Congenital heart disease in a singleton pregnancy conceived through assisted reproductive technology
Congenital heart disease in a singleton pregnancy conceived through assisted reproductive technology

Congenital heart disease in a singleton pregnancy conceived through assisted reproductive technology

Fertil Steril. 2026 Apr 2:S0015-0282(26)00187-1. doi: 10.1016/j.fertnstert.2026.03.034. Online ahead of print.

ABSTRACT

OBJECTIVE: To evaluate the risk of congenital heart disease in offspring of singleton primiparous pregnancies conceived via assisted reproductive technology.

DESIGN: Retrospective, nationwide cohort study SUBJECTS: Patients with singleton pregnancies who delivered between 2017 and 2021.

EXPOSURE: Singleton pregnancies conceived by natural conception, intrauterine insemination, fresh embryo transfer, and frozen embryo transfer were compared.

MAIN OUTCOME MEASURES: The primary outcome was the rate of congenital heart disease among offspring. Secondary outcomes included congenital heart disease subtype distribution, sex differences, and perinatal outcomes.

RESULTS: Among 651,964 mother-child pairs, 6.19% were diagnosed with CHD, with the higher incidence in frozen embryo transfer (10.4%). Frozen embryo transfer, fresh embryo transfer and IUI exhibited 54.5%, 29.6% and 21.5% increased risk of CHD compared to natural conception. Frozen embryo transfer was associated with an increased risk of right outflow malformations after adjusting for confounding factors. Septal defects and patent ductus arteriosus were increased in both the intrauterine insemination and embryo transfer groups, with the highest prevalence observed in the frozen embryo transfer group. Findings within each sex subgroup were consistent with the overall trends. In natural conceptions, male fetuses showed a significantly higher risk of conotruncal defects and left ventricular outflow tract anomalies, but a lower risk of patent ductus arteriosus, compared with female fetuses. However, in IUI and embryo transfer pregnancies, no significant sex-specific differences were observed across the types of congenital heart defects.

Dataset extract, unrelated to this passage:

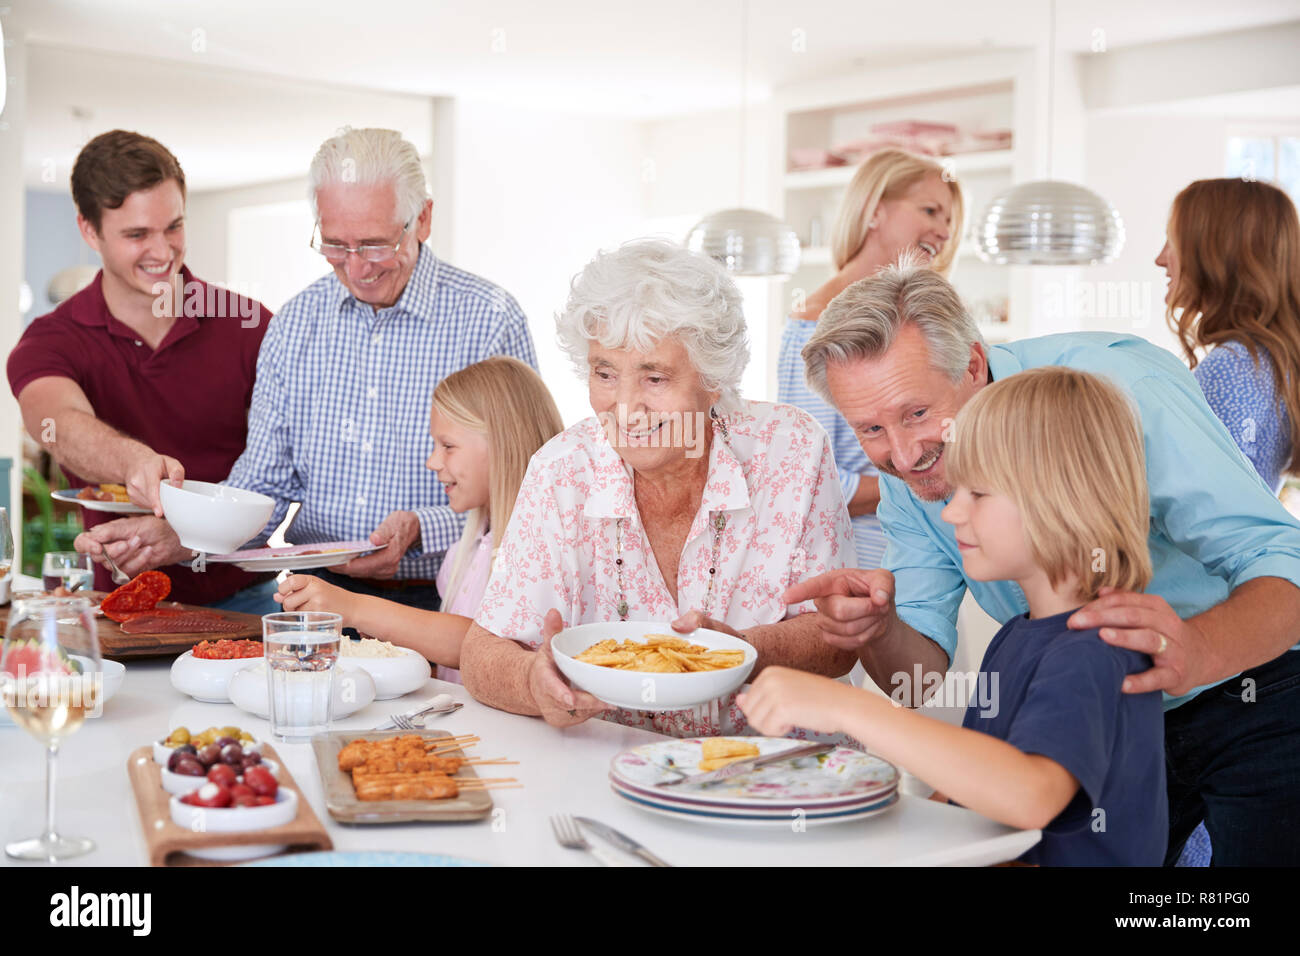 Multi-Generation Family And Friends Eating Food In Kitchen At Celebration Party Stock Photo

CONCLUSION: Singleton pregnancies achieved through IUI and ART, especially frozen ET, are associated with a higher incidence of CHD in offspring in this population-based study. Sex difference no longer had an impact on the CHD risk in IUI or ART. The findings should be communicated to patients undergoing pre-ART counseling. Because our outcome definition was based on claims data including mild lesions and early neonatal diagnoses, the absolute prevalence of CHD may appear higher than registry-based estimates.